**Material for this task**.
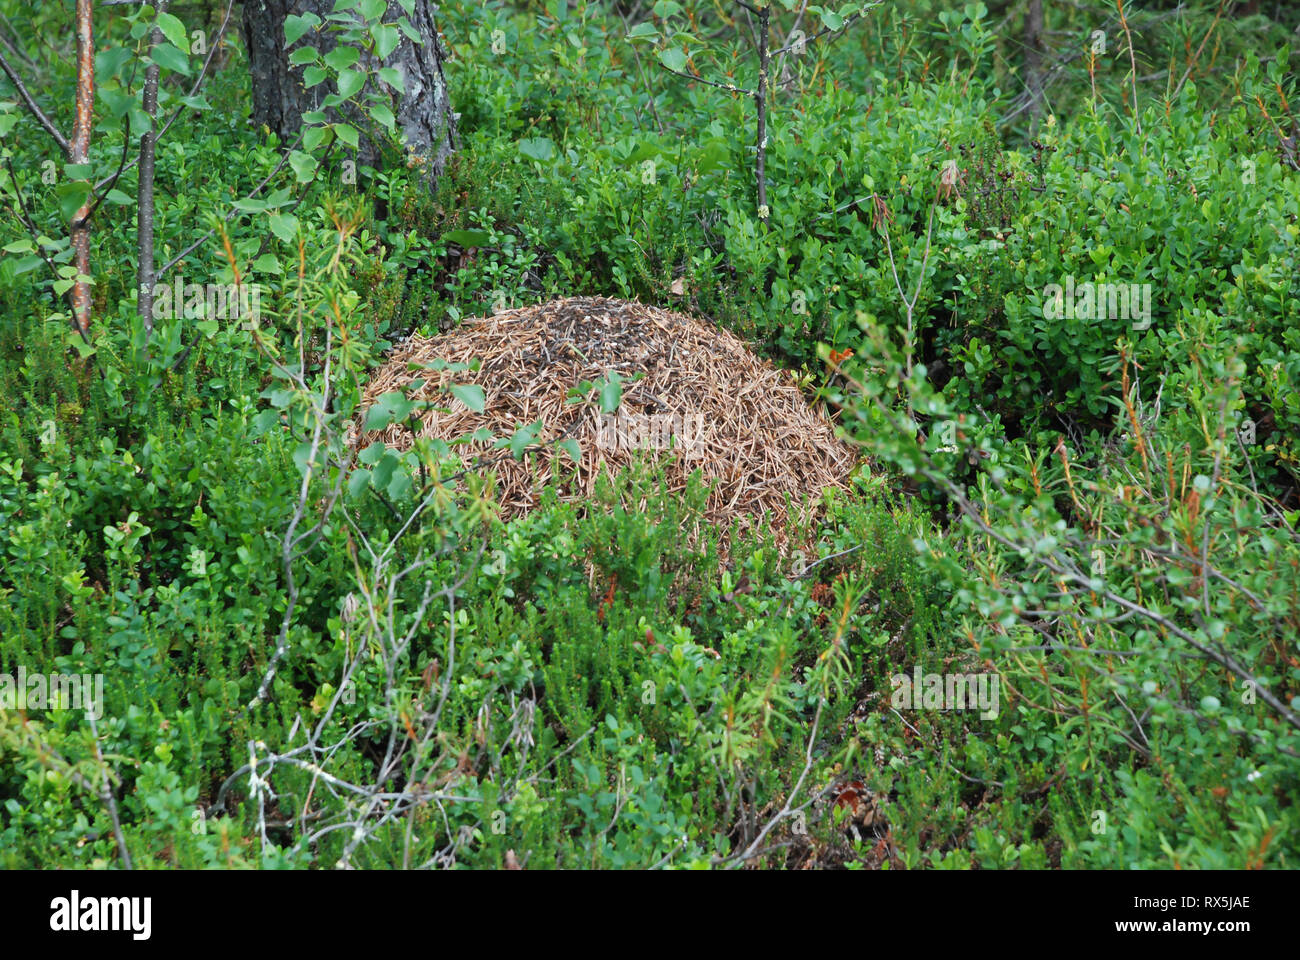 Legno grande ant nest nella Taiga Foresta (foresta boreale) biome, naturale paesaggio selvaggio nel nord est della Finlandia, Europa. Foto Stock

---

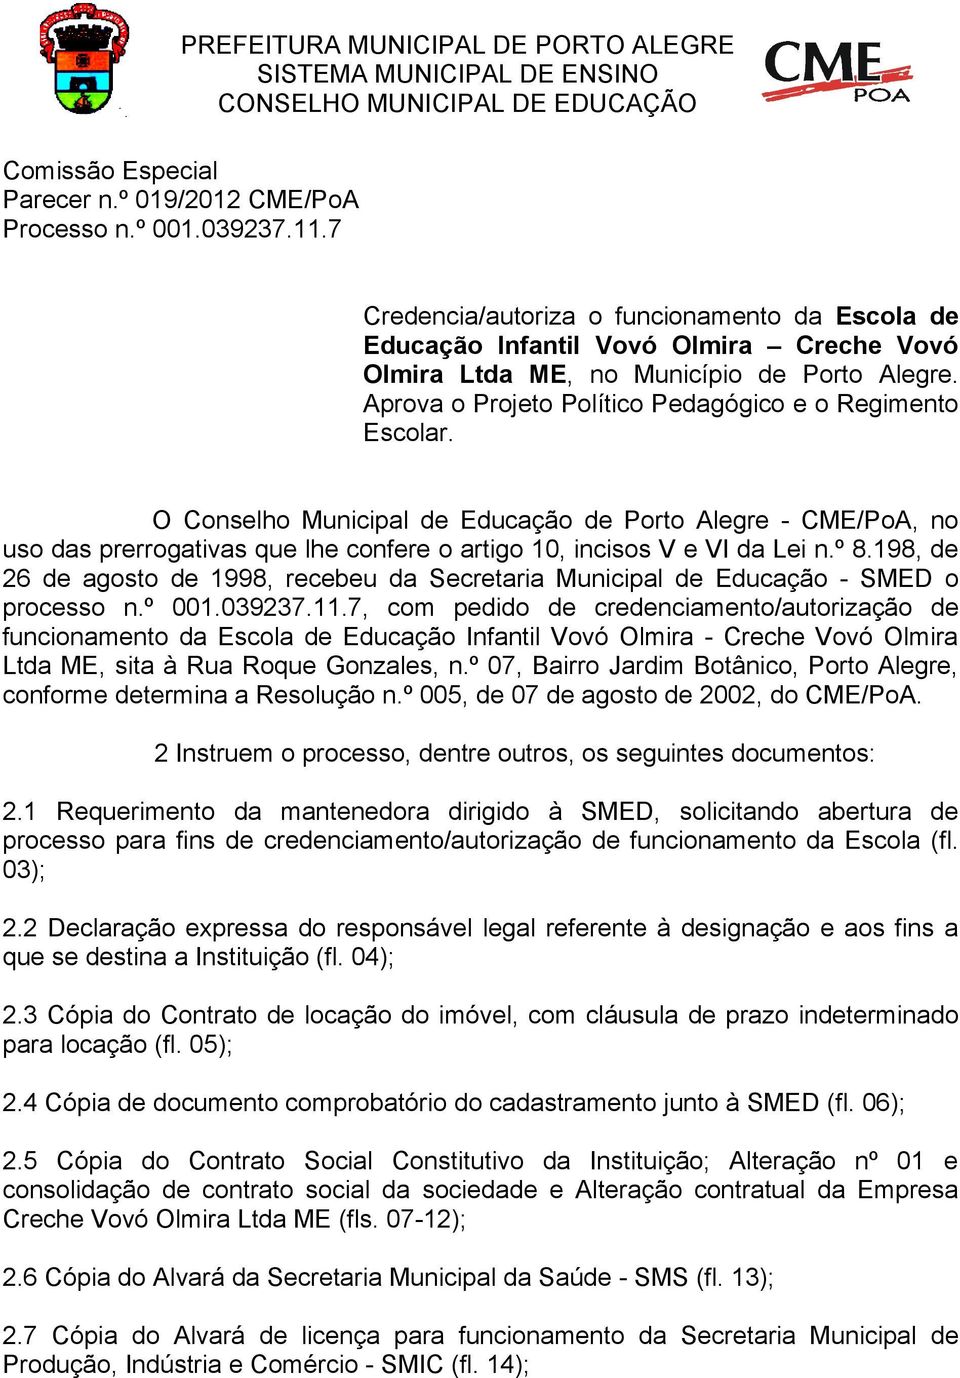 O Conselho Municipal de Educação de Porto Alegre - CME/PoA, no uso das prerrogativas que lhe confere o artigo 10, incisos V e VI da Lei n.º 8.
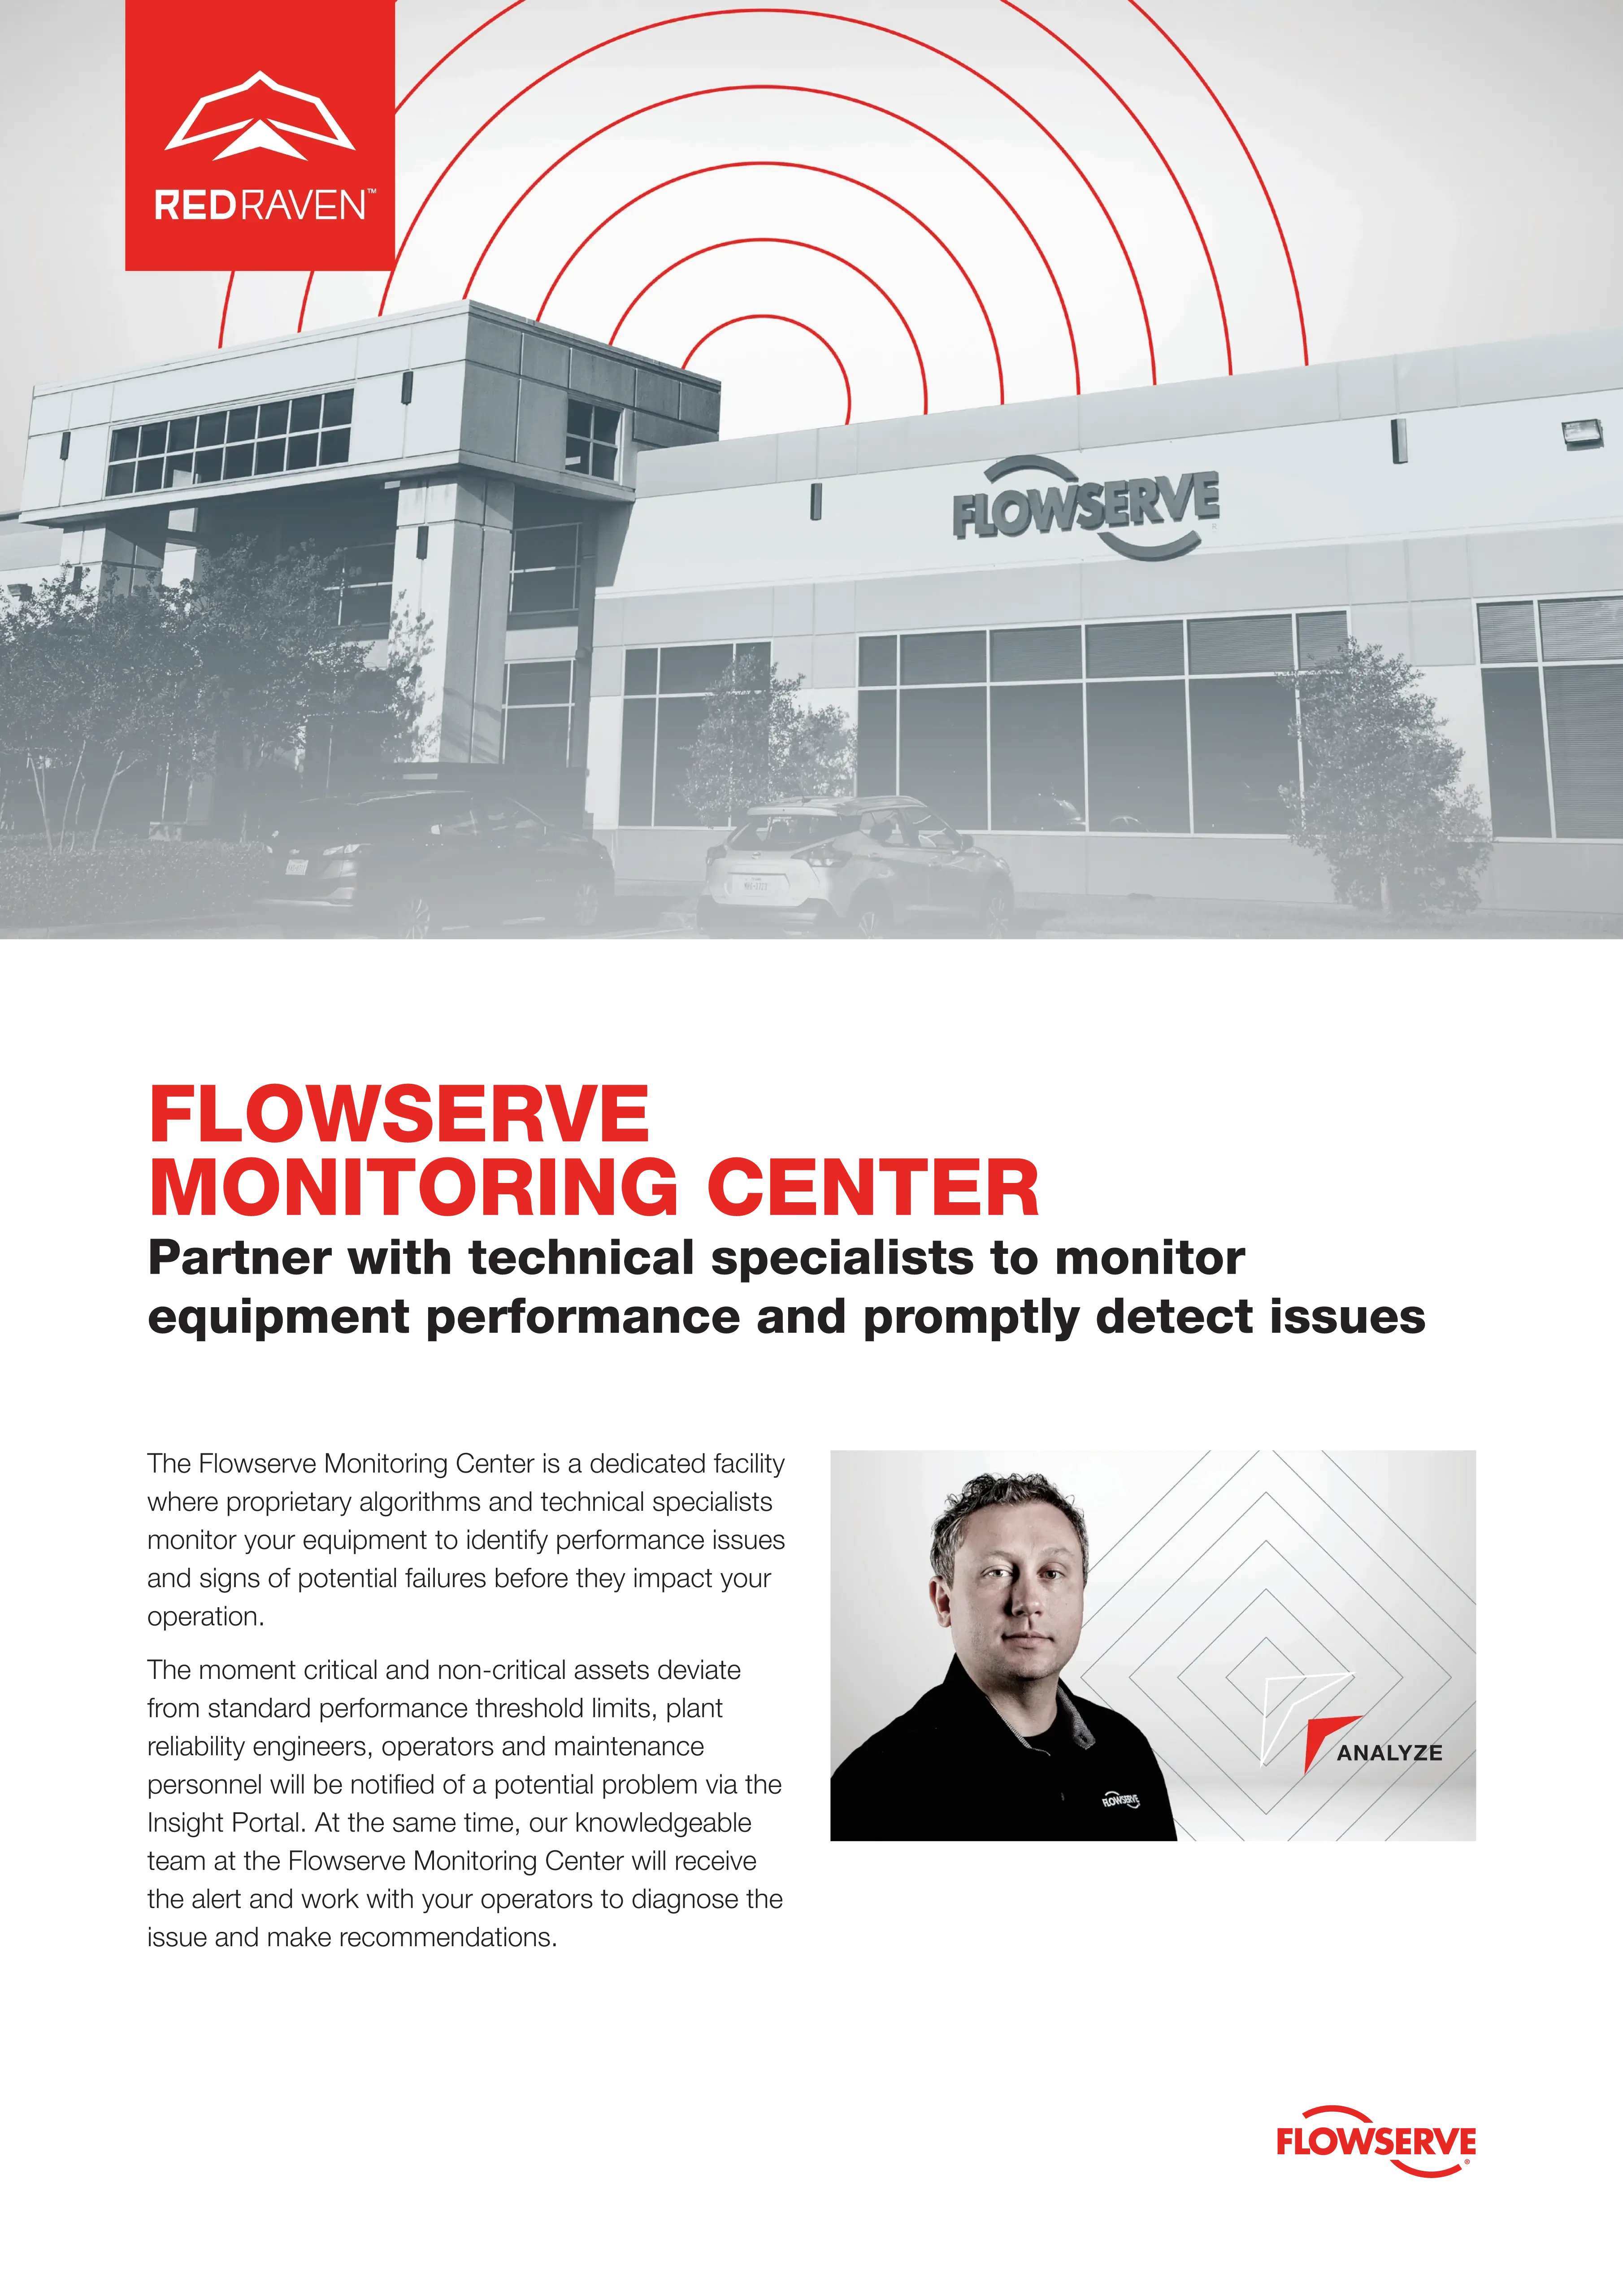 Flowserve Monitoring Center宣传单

**Work to be completed**. Your reply should hold nothing but the lines above, from the one containing "O Conselho Municipal" to the one containing "Flowserve Monitoring Center宣传单", reproduced exactly minus the pictures.

**Task answer**.
 O Conselho Municipal de Educação de Porto Alegre - CME/PoA, no uso das prerrogativas que lhe confere o artigo 10, incisos V e VI da Lei n.º 8.
 Flowserve Monitoring Center宣传单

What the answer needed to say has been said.